__What this task involves__. Print the lines in the listing below that fall between the line with "Children and teachers" and the line with "Jordan 'Why Not?'", those two lines included, exactly as they stand and with nothing else.

__Available records__.
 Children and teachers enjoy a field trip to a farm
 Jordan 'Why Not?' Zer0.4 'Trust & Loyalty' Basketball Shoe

--

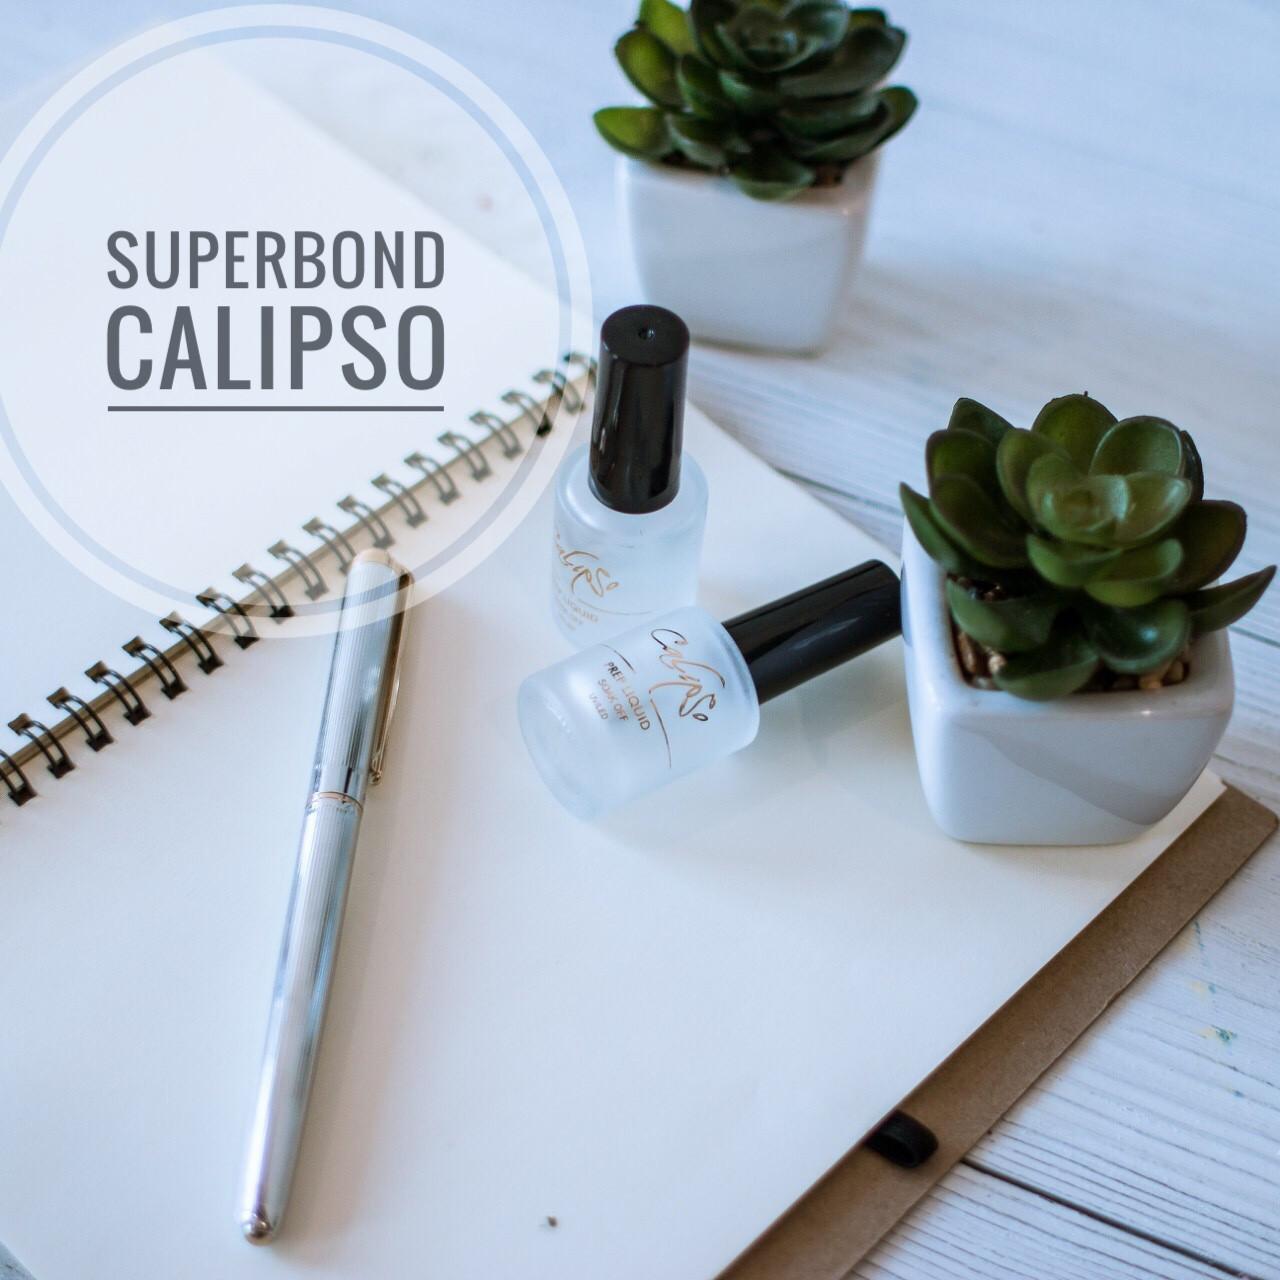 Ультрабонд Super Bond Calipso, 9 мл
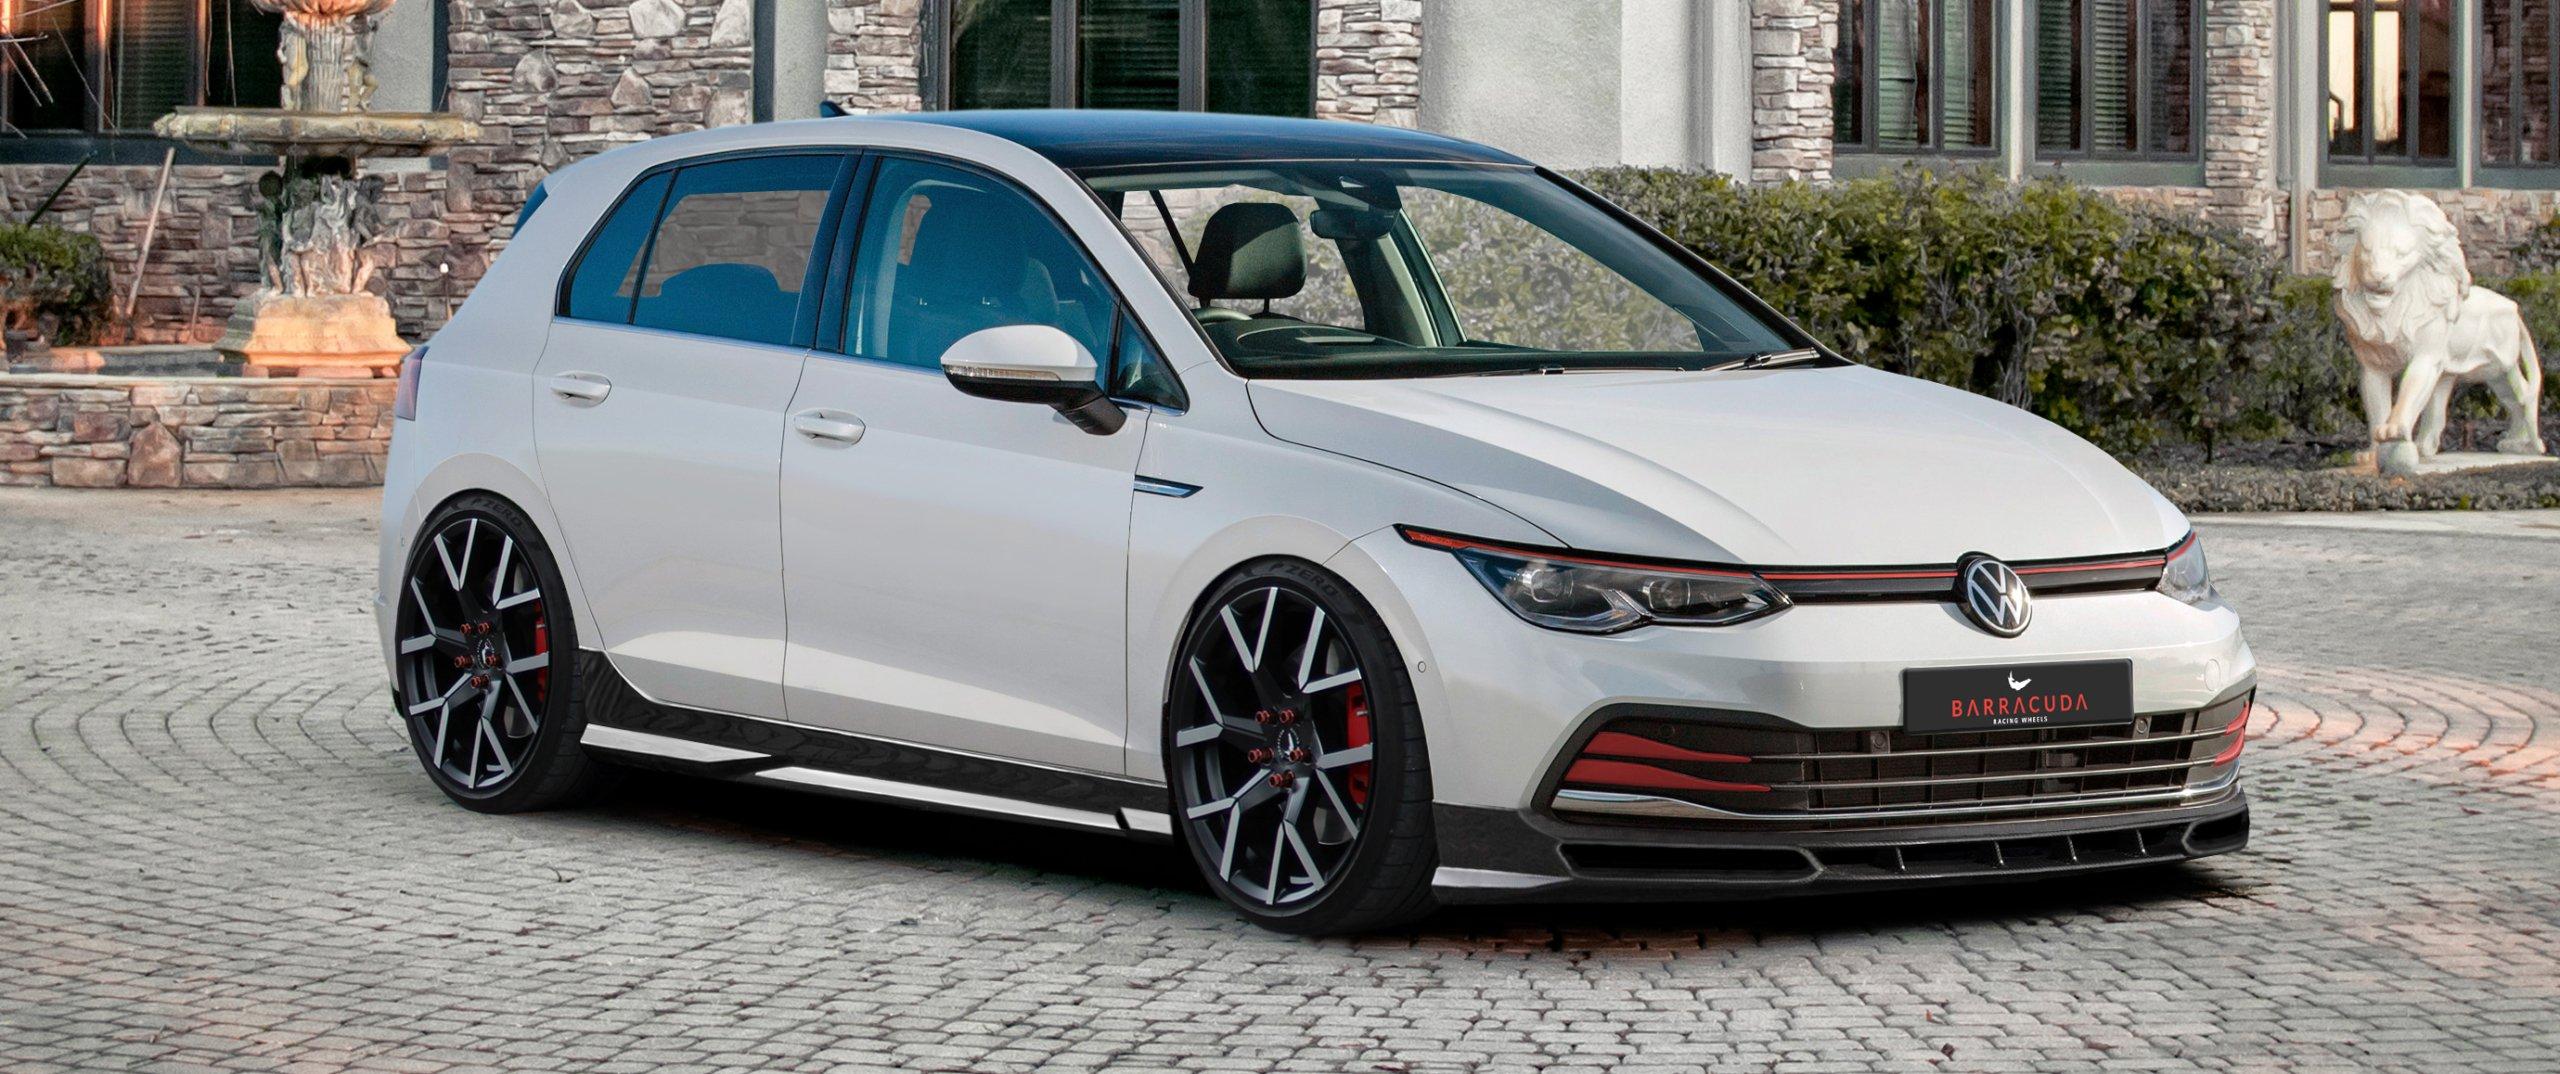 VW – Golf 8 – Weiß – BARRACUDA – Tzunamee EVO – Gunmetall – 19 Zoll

---

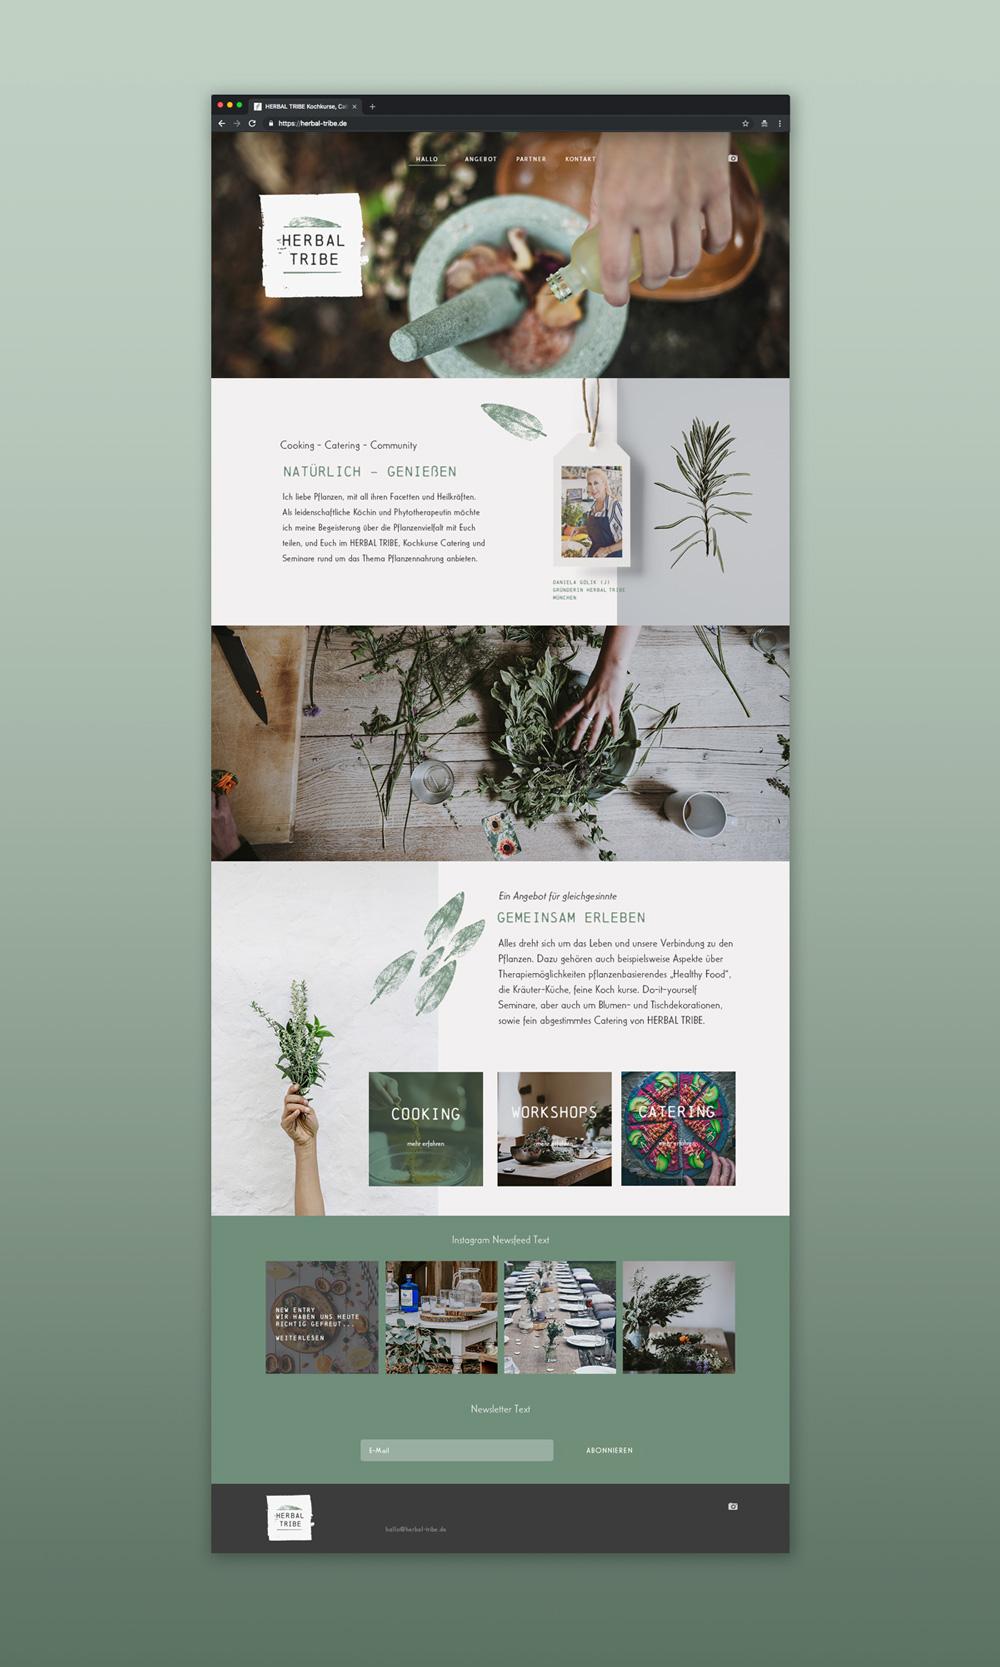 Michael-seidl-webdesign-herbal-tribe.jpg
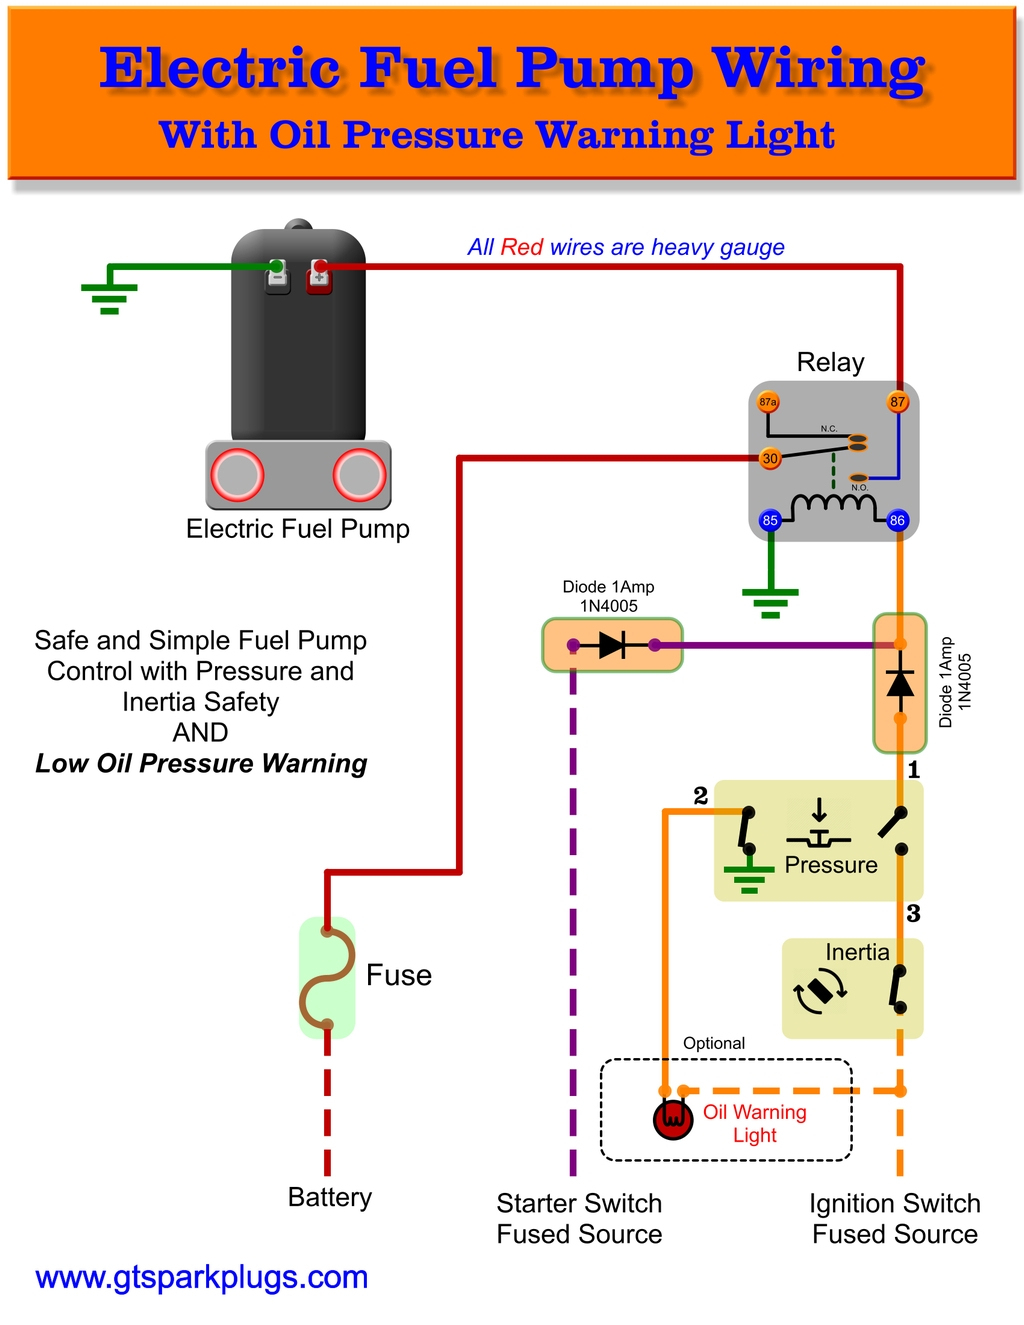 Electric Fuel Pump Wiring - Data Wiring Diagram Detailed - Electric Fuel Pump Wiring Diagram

__Result below__.
 Children and teachers enjoy a field trip to a farm
 Jordan 'Why Not?' Zer0.4 'Trust & Loyalty' Basketball Shoe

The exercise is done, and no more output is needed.